I fall asleep listing to XM on a regular basis. Almost every night when I go to bed I put on 42 and set my timer for two hours, some times I'll put on Squizz or Bone Yard, but XMLM is my home station.


----------



## RichW (Mar 29, 2002)

Steve Mehs said:


> I fall asleep listing to XM on a regular basis. Almost every night when I go to bed I put on 42 and set my timer for two hours, some times I'll put on Squizz or Bone Yard, but XMLM is my home station.

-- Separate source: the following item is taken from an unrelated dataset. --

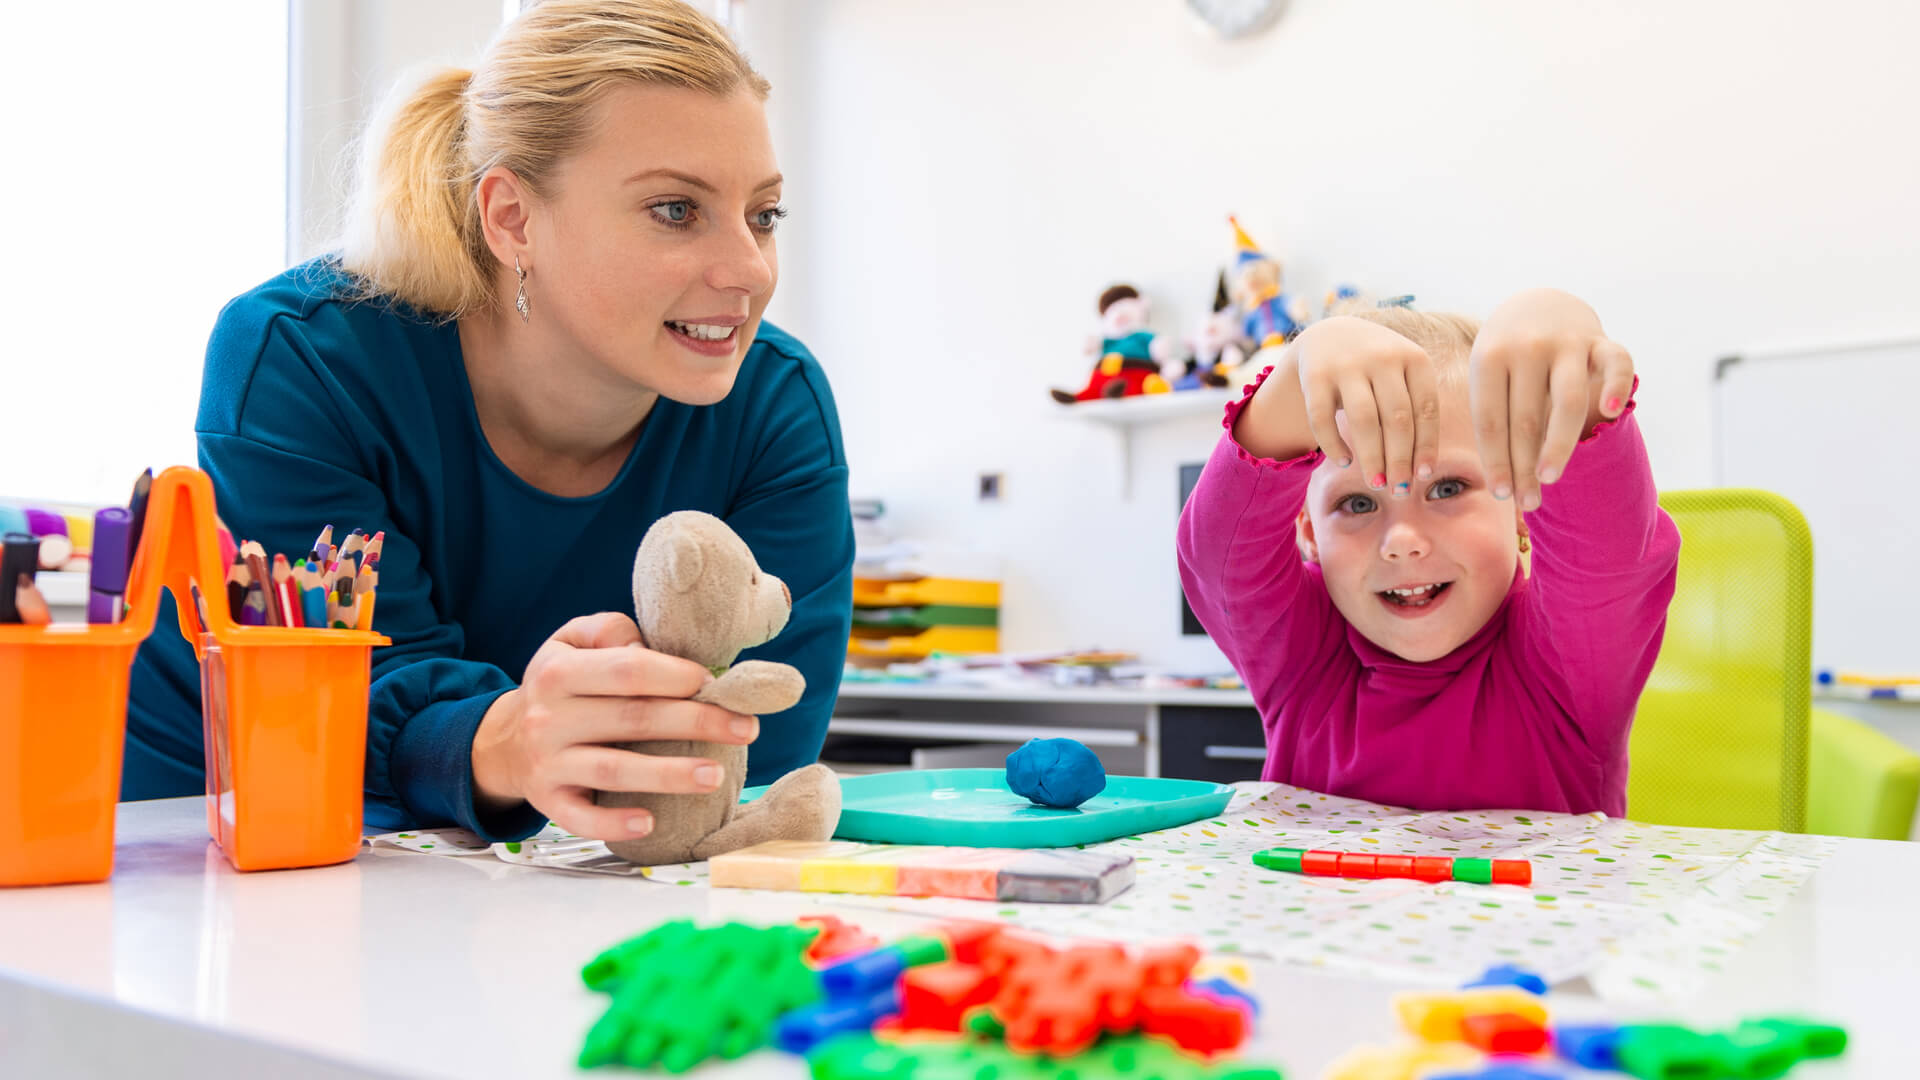 Stimming behaviour in kids on autism spectrum
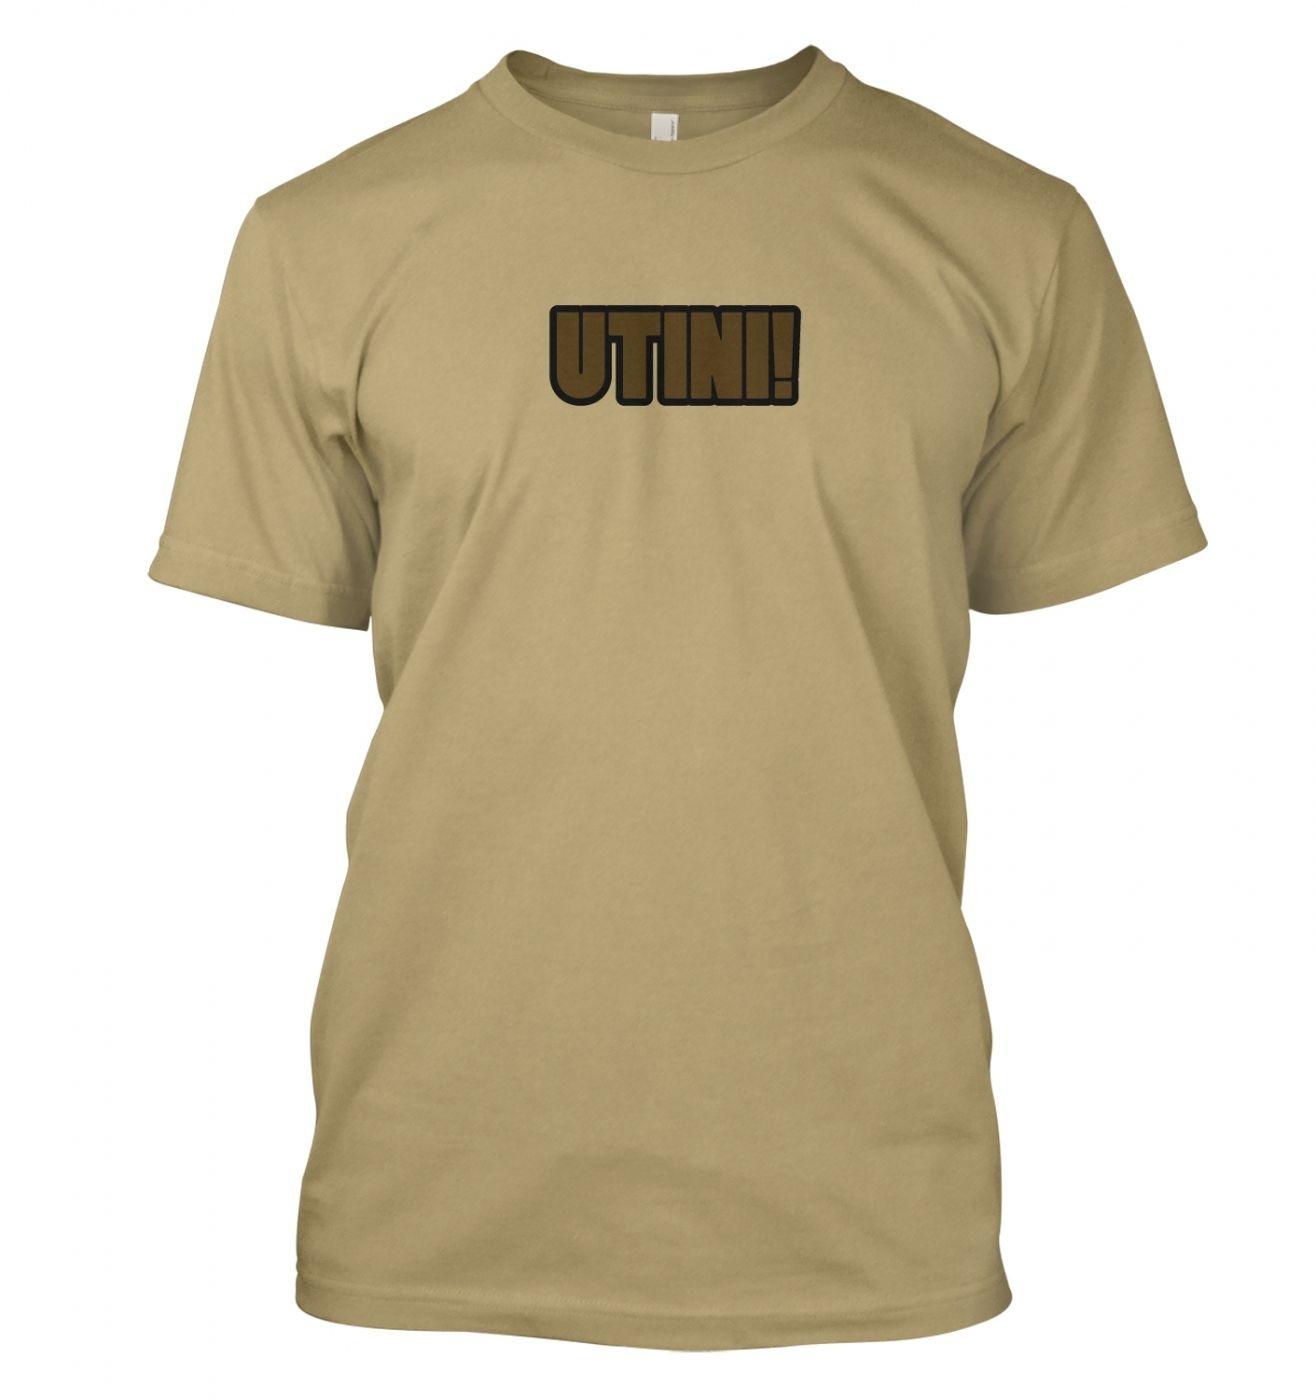 Utini Jawa Cry T-shirt - Inspired by Star Wars

I do the same, only most of the time I am listening to the Sonic Theatre or Old Time Radio Channel. I hate it when I fall asleep before the end of a show. Luckily they repeat it a few more times.


----------



## MarkA (Mar 23, 2002)

Nope, I don't have XM and Sirius is in my car only. I haven't got a streaming password in the mail yet so none on the computer either


----------



## reddice (Feb 18, 2003)

I put it on the 80's channel 8 and sometimes fall asleep to that.


----------



## BobMurdoch (Apr 24, 2002)

I only use XM in my car and office. E*'s Sirius channels get played in my house when I'm in the mood for music....


----------



## Steve Mehs (Mar 21, 2002)

Oh yeah, sometimes before I lay down and I want something more 'hardcore' then what I mentioned above, I'll put on Playboy Radio. That's pretty cool to fall asleep to  I still can't believe I pay $3 for that channel but it's worth a few laughs.


----------



## oby (Jul 29, 2004)

I go to sleep with either old time radio (which is an awesome station, by the way), or whatever is on ASK. When I go to sleep with ASK on, I always wakeup later (I think), and hear the cool discussion on Coast to Coast about ufo's, conspiracy's, secret societies, ghosts, etc.


----------



## Steve Mehs (Mar 21, 2002)

Art Bell is cool, a little off the rocket, but his show is entertaining. I'd listen more often but its usually on late night/early morning.


----------